A questi dati drammatici si aggiunge un’incredibile strage di anziani che muoiono lavorando. Dei morti registrati oltre il 30% sono ultrasessantenni. Il 2025 non lascia ben sperare poiché già nei primissimi giorni di gennaio si sono registrati ben 11 morti. Ormai abbiamo perduto le strutture di senso in ogni cosa che facciamo e che pensiamo. Poche sono le leggi, le pratiche, le azioni politiche civili e sociali basate sul buon senso e sulla tecnica. Il buon senso e la tecnica hanno perduto cittadinanza, sono stati sostituiti dalle leggi e dalla “formazione”. La tecnica e il buon senso si sono trasformati nel teismo di una nuova “chiesa” la cui dottrina propugna un nuovo dio, Il dio della sicurezza.
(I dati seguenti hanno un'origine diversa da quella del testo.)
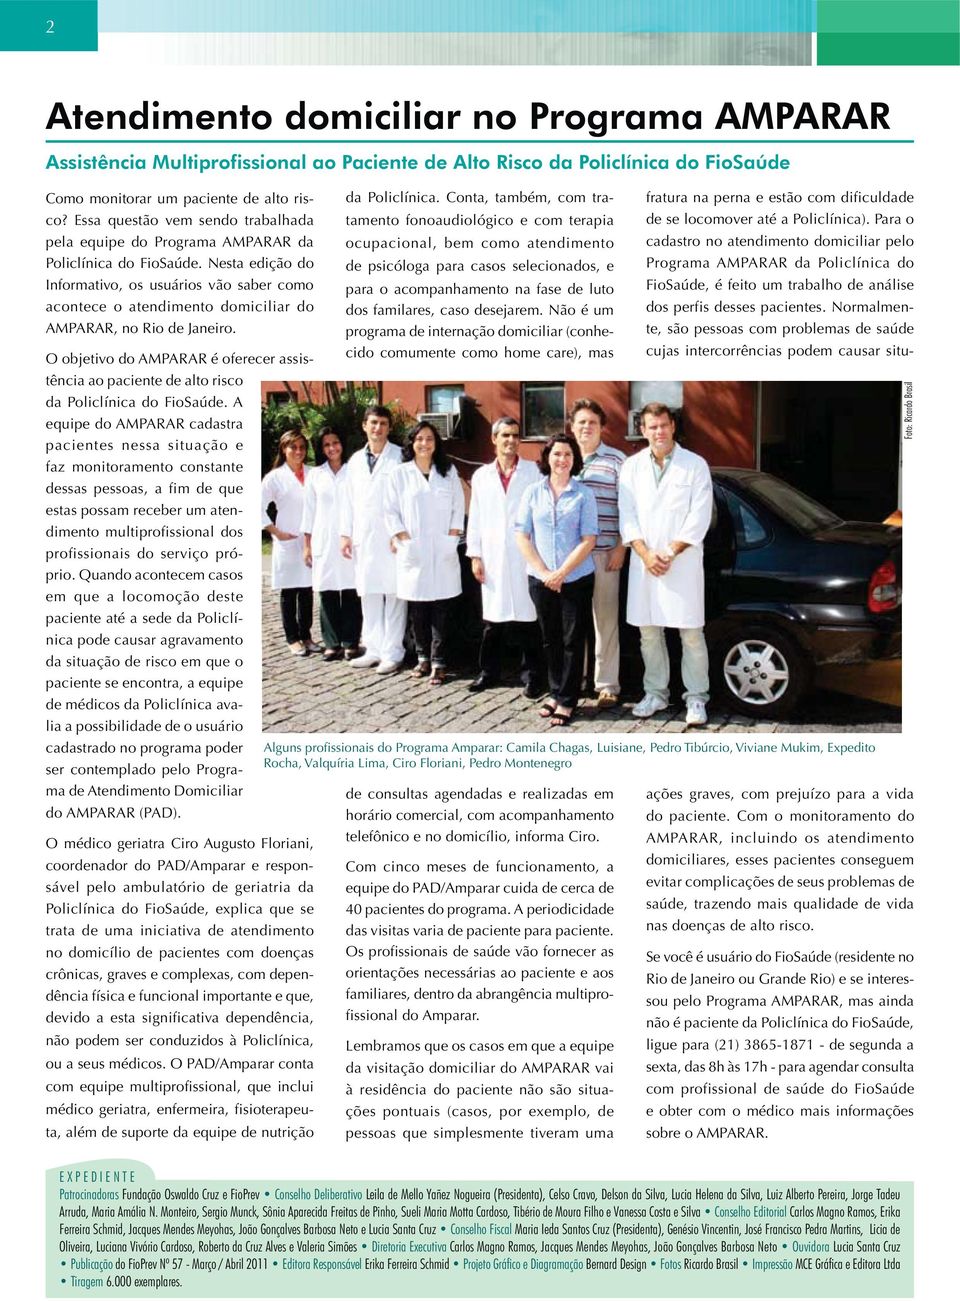 Nesta edição do Informativo, os usuários vão saber como acontece o atendimento domiciliar do AMPARAR, no Rio de Janeiro. O objetivo do AMPARAR é oferecer assistência da Policlínica.

La sicurezza è sbandierata ovunque come priorità assoluta, ma nonostante ciò le curve statistiche sulla mortalità si impennano sempre più sebbene una legge ferrea imponga rigide procedure, obblighi la formazione per tutti, detti regole ferree, individui responsabili e responsabilità, commini multe salate e preveda pene esemplari. Quello a cui assistiamo è soltanto una plateale eterogenesi dei fini: a fronte di tanta attenzione si registra l’aumento delle vittime.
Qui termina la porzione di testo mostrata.